Nachdem er sich vielfacher Kritik wegen Verschleppung der Strafanzeige gegen die Bundesregierung und der Einstellung der Untersuchungen zum abgehörten Kanzlerinnen-Telefon ausgesetzt sah, erkärte sich Range in einem Interview mit dem Spiegel. Die bisher veröffentlichten Dokumente seien nicht ausreichend für einen Ermittlungsverdacht, “als Strafverfolger brauche ich Fakten”. Constanze Kurz kommentierte daraufhin passend:

Dafür, dass er im selben Interview gleich zu Anfang einräumt, keine vertraulichen Vorgänge mehr am Telefon zu besprechen, reichen die Fakten aber wohl.

Als das Interview stattfand, muss das aktuelle Schreiben an die Netzpolitik-Redaktion bereits auf seinem Tisch gelegen haben. Obwohl seine eigene Unterschrift auf dem Dokument fehlt, trägt es doch seinen Briefkopf. Was hat sich Range also dabei gedacht, ein so tiefes Loch auszuheben, in das er Gefahr laufen könnte selbst hineinzustürzen? Der Generalbundesanwalt ist dem Justizminister gegenüber weisungsgebunden. Ob Heiko Maas selbst interveniert hat, ist noch nicht ersichtlich. Bisher kann Range die Gemüter noch damit beruhigen, dass er erst einmal nur Ermittlungen aufgenommen hat. Wahrscheinlich wird es nicht zu einer Anklage kommen. Wäre das Ganze damit also mehr eine Warnung an zukünftige Whistleblower und die Medien, die geleakte Dokumente veröffentlichen? Die Solidaritätsbekundungen, die Netzpolitik.org gerade auf allen digital-sozialen Kanälen entgegenströmen, lassen bezweifeln, dass die Ermittlung als Warnung ernst genommen werden. Vielmehr muss sich die Bundesanwaltschaft nun noch viel mehr dem Vorwurf aussetzen, im Fall der Zusammenarbeit zwischen NSA und BND noch nicht konkret ermittelt zu haben.

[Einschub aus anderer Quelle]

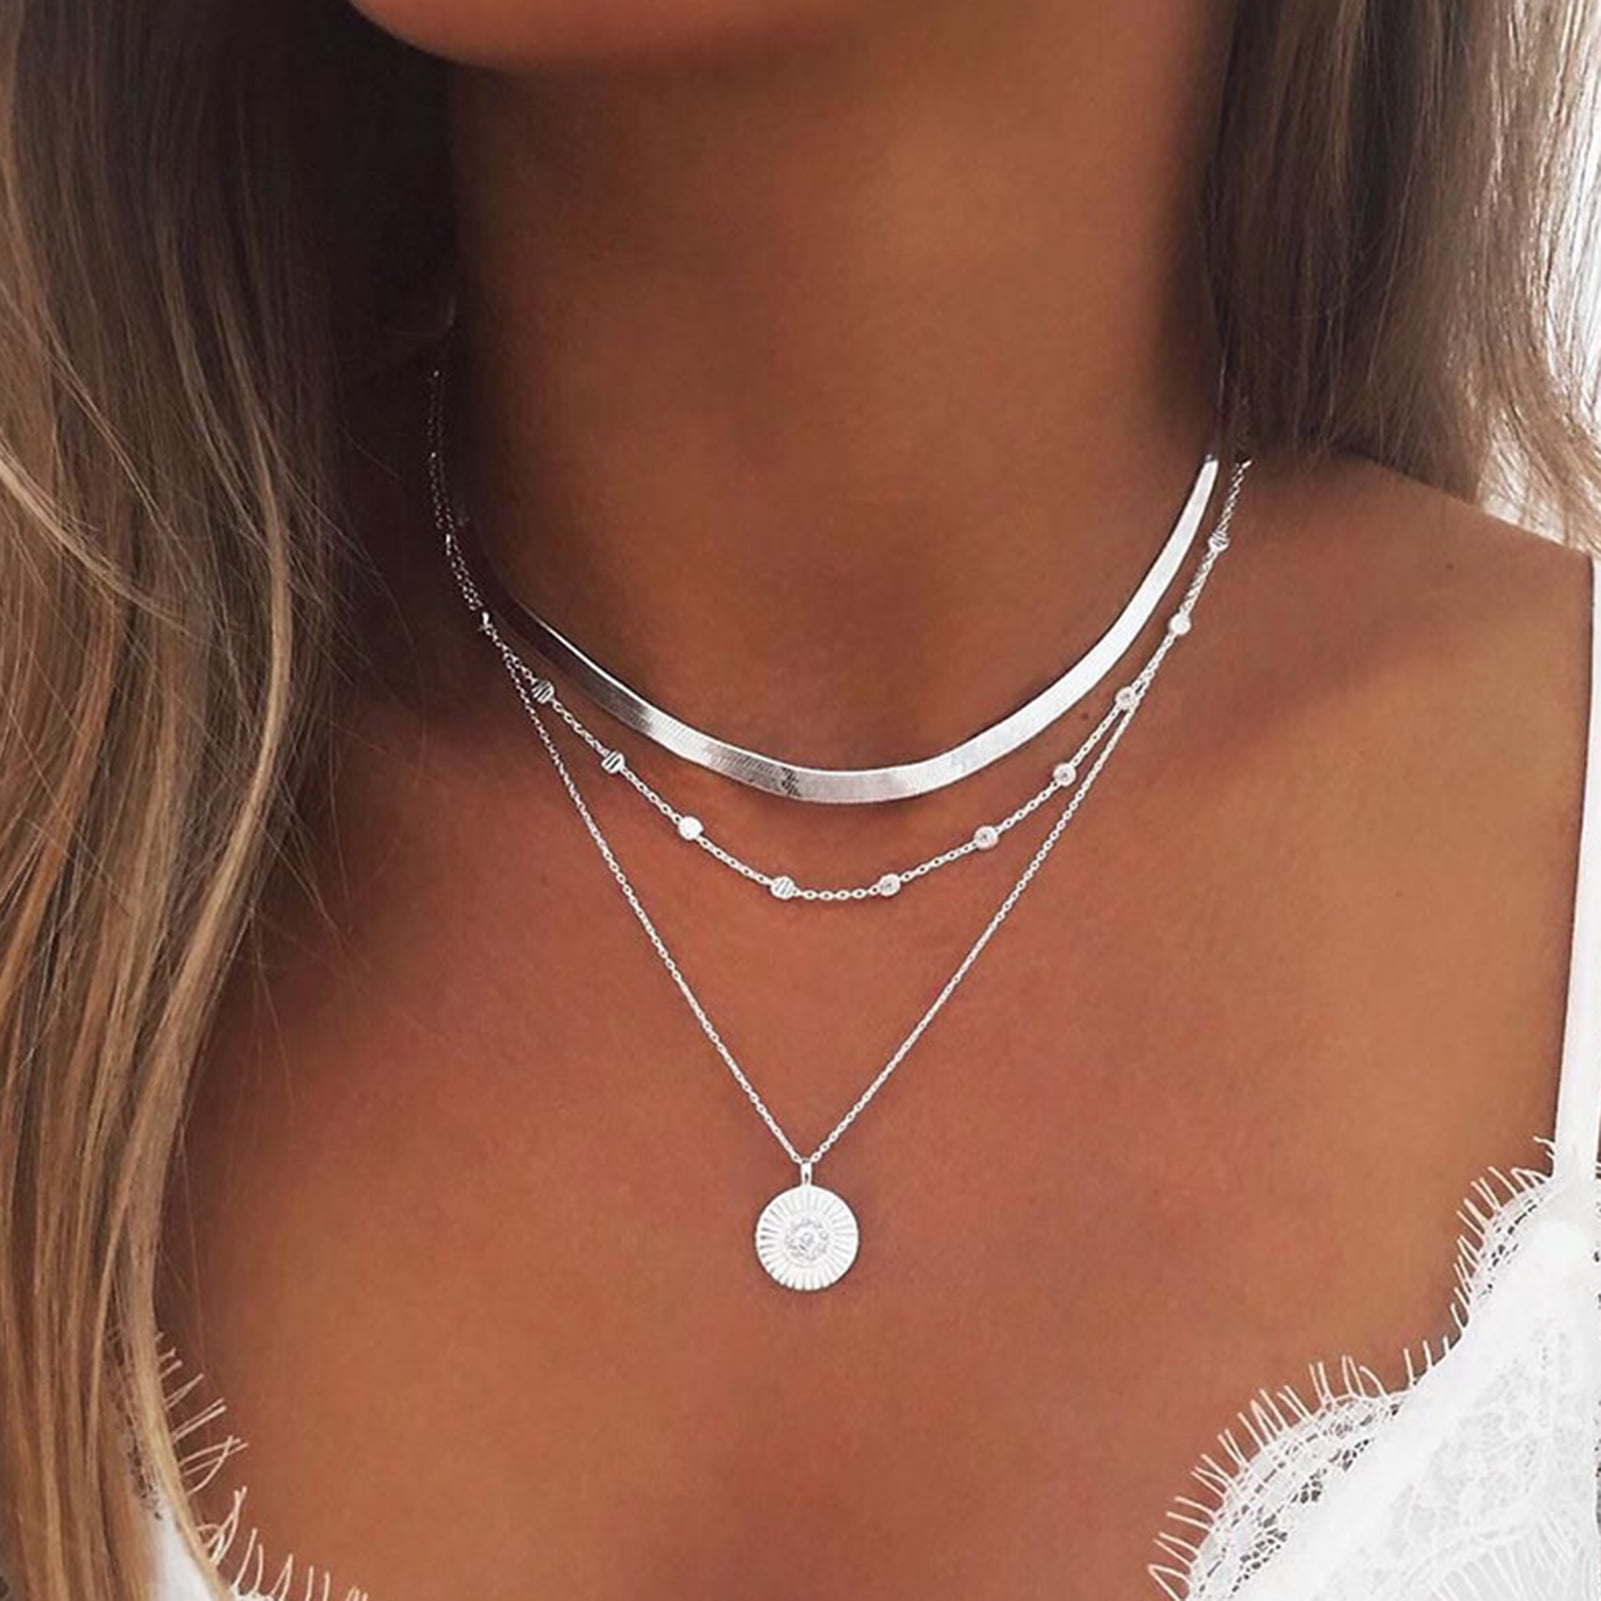 Buy EXGOX Layered Choker Necklace Pendant Dainty Mini Loose and Tiny Chokers  Layered Circle Necklace Bar Y Pendant 14K Real Gold Plated Necklace For  Women at Amazon.in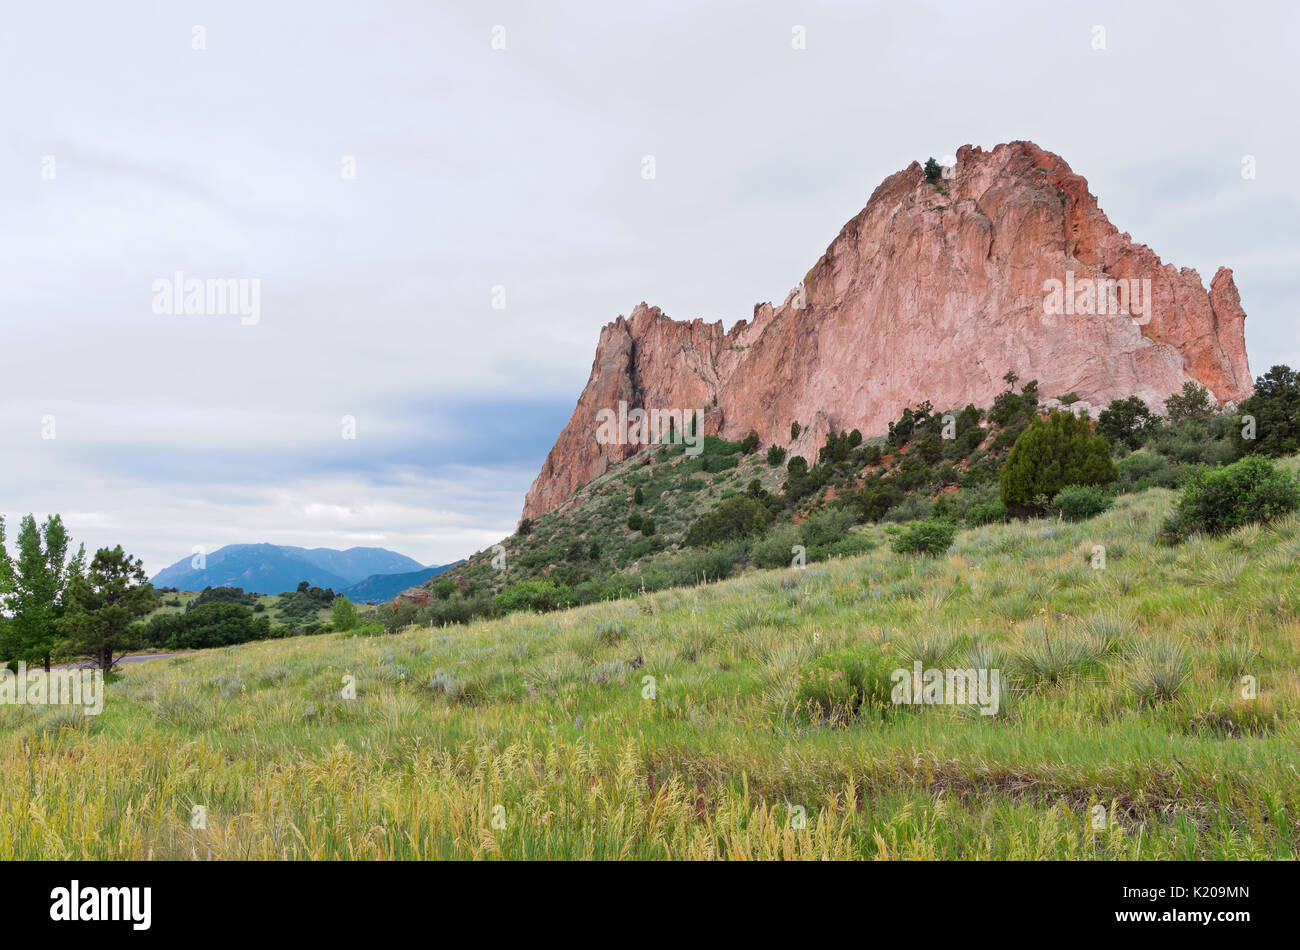 Monolith Berge und Ebenen im Garten der Götter national natural Landmark in Colorado Springs, Colorado Stockfoto

Whistleblowerschutz, Pressefreiheit oder #Landesverrat

Range muss sich bewusst gewesen sein, welche Wellen es schlagen würde, wenn er den Vorwurf des Landesverrats in Richtung der Pressevertreter werfen würde. Zwar beharken sich die einzelnen Vertreter gegenseitig oft argwöhnisch, und die Verflechtungen von Medien und Politik in Deutschland sind legendär. Wenn aber nur der Geruch einer möglichen Einschränkung der Pressefreiheit im Raum steht, dürfte auch in konservativen Medienkreisen kein Verständnis für Ranges Ermittlungen zu erwarten sein. Vielleicht hat der Chefermittler auch nur die Schlagkraft eines solchen Wortes unterschätzt. Der Hashtag #Landesverrat führte neben der Kontonummer von Netzpolitik.org heute die Twitter Trends an. Es ist zu erwarten, dass die Macher-innen des Blogs diesen Ritterschlag bis aufs letzte ausschlachten und quskosten werden. Schon jetzt hängt der Brief des Generalbundesanwalts eingerahmt an der Redaktionswand. Im Oktober soll das zweite Mal eine eigene Konferenz stattfinden, auf der einem der Slogan wahrscheinlich in vielfacher Form begegnen wird.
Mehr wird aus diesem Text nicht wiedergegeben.